Saturday, vet is called. AGAIN. Dog is barely moving. Turns her head from CHEESE (which she normally explodes from deep sleep IN THE BASEMENT, IN THE DARK for if she just hears the CHEESE DRAWER in the fridge open. Yes, we have a CHEESE DRAWER.). She isn’t eating. Not drinking. It’s pitiful. We KNOW she’s dying. Think we will wake up to dog dead at any moment. 

Vet prescribes meds. The good shit. Dog gets meds SHOVED DOWN HER DAMN THROAT since she won’t even look at HAM.

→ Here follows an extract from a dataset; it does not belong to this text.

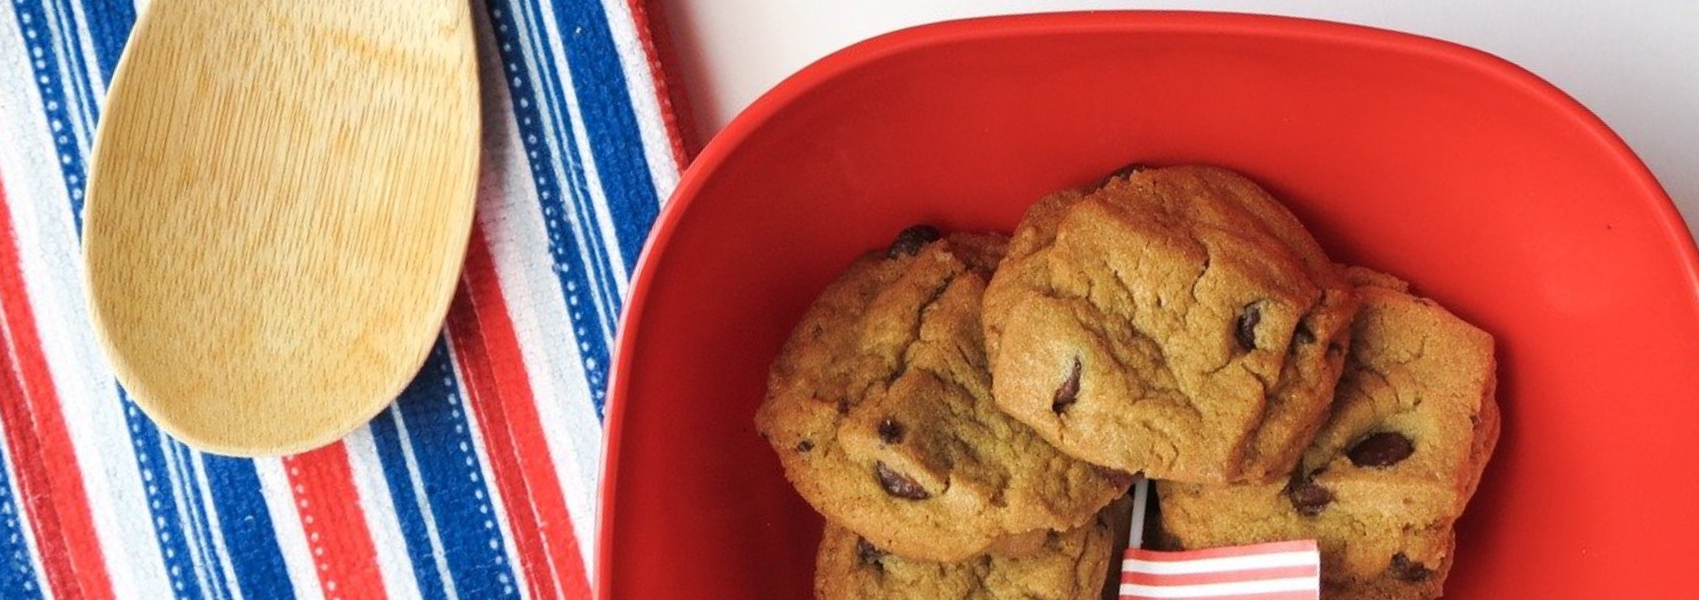 Focus on Data: The Most Loved 4th of July Picnic Food

Approximately 1.25 hours later? Dog is up. And HUNGRY. AND LORD JESUS IT’S A FREAKING MIRACLE.

It’s snowing. There is mud everywhere on the hardwood floors. But DOG is alive. We nearly weep in relief and decide to watch Netflix all day, order in from DoorDash (Yay for Post fried chicken delivered to your door) and rent that stupid Vince Vaughn movie where he fathers 533 children through 693 sperm donations. You know, your typical, family-friendly, warm-fuzzy, feel-good flick.

So, dudes. I’m here to say that when it’s Sunday and it’s sunny. And your beloved dog is barking again and putting her head in your lap for scratches and the floor has been mopped and you’ve just slept a solid eight for the first time in four days…that’s cause for freaking celebration AND a blog post. Amirite?

TODAY’S THEME SONG: Kenny, Captain Zoom. My name is Zoom and I live on the Moon, but I came down to Earth just to sing you this tune, ‘cause KENNY, it’s your birthday TODAY!

LISTEN NOW!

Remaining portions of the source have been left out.